I wrote a tutorial on importing the Stack Overflow XML files into SQL Server that includes how to bring it into SQL Server, what the tables and fields mean, and how to query it.
I've also built spwho2.com, a front-end for some of the slicing and dicing I'm doing. I've got reports like:
I'm working on reports about users, answers, badges and comments next.
Update 2009/6/9 - User pages are completely online, although folks with wacko display names are going to have a hard time finding theirs. You can check out Jon Skeet as an example, or go to the home page at http://spwho2.com and click on the first letter of your display name. I'll build a search-box style lookup later. On the individual user stat pages, sometimes the statistics are out of order, and I haven't vetted the statistics yet, so if you see anything odd let me know.

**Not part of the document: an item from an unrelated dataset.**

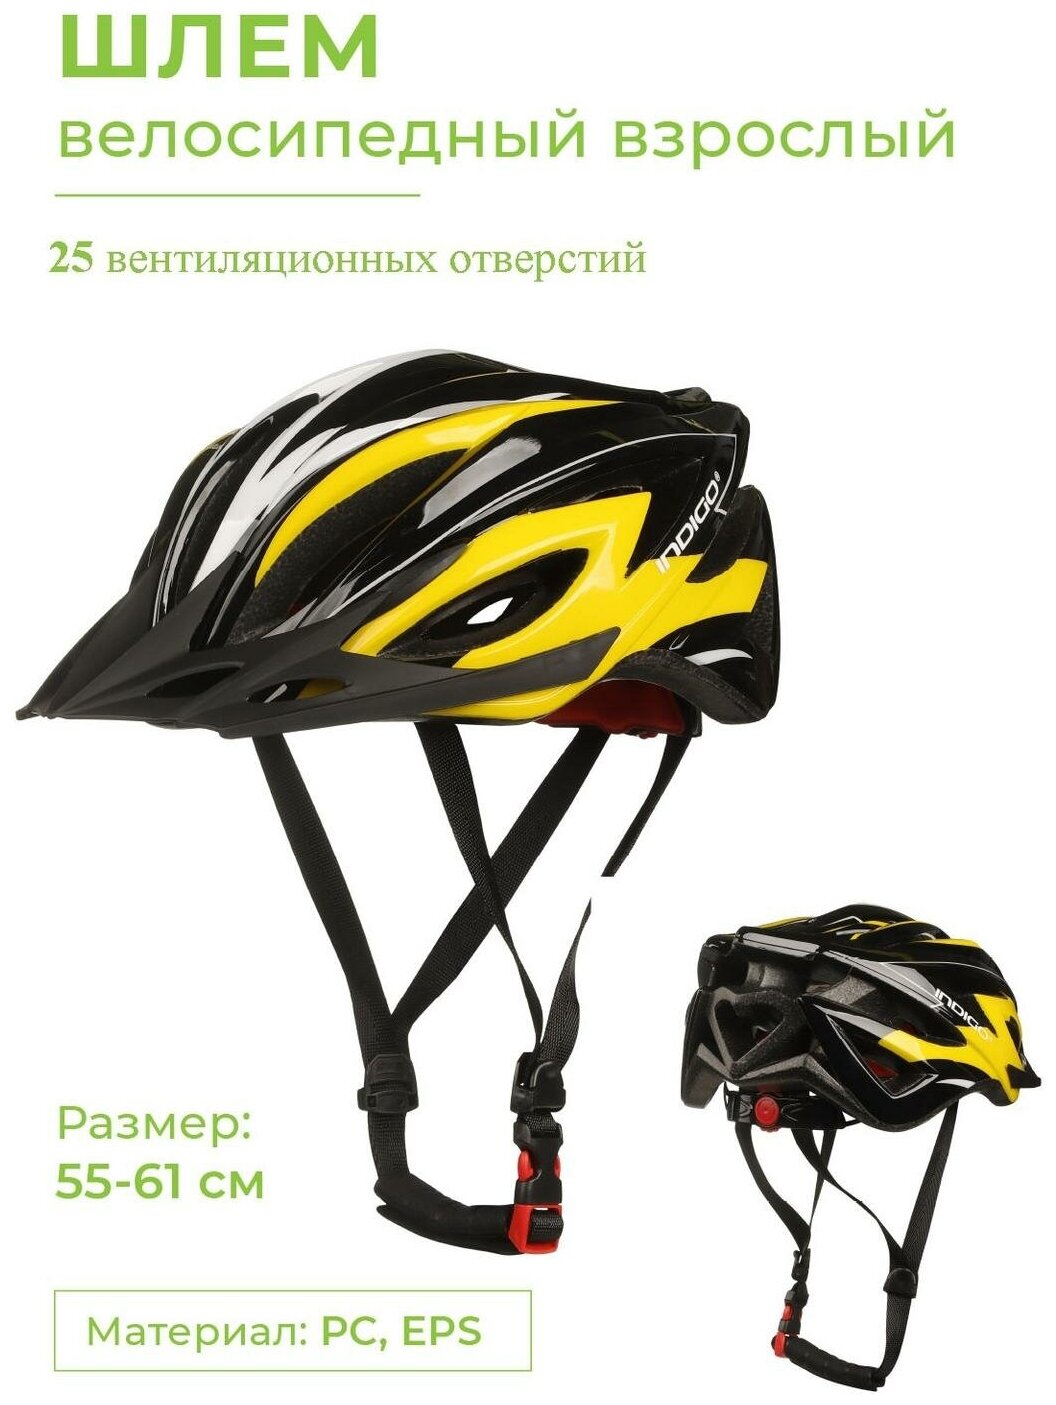 Шлем спортивный (защитный) велосипедный взрослый INDIGO 25 вентиляционных отверстий 55-61см

Update 2009/6/11 - On user pages, I've added percentiles so you can see where you rank in relation to other users overall, or for a specific tag. For example, on Jon Skeet's page, you can see that he scored in the 99.89% percentile for Submitted Answers on the .net tag, so you might wonder who beat him. Click on the link for Submitted Answers for .net, and you can see the top 100 submitters for that tag. If you go back to his page, another interesting statistic is that he averaged 0.31 hours to answer .net questions, which might sound pretty good - but he only scored 37.25% there. Click on the link for Avg Hours to Answer .NET questions and you'll see that users are averaging as low as .05. The tricky part to that is that they may have answered a lot less questions, so their average looks artificially low. I still haven't vetted most of these, just having fun building pages out. There's bugs with some tags that have # signs in them, for example.
Update 2009/6/14 - How much would you pay for a web site that does all this? $19.95? $29.95? But wait - there's more! I've added:
- A user & tag search
- On the tag pages, I'm now showing the top 10 related tags for each tag (the tags that also seem to be attached most often to questions)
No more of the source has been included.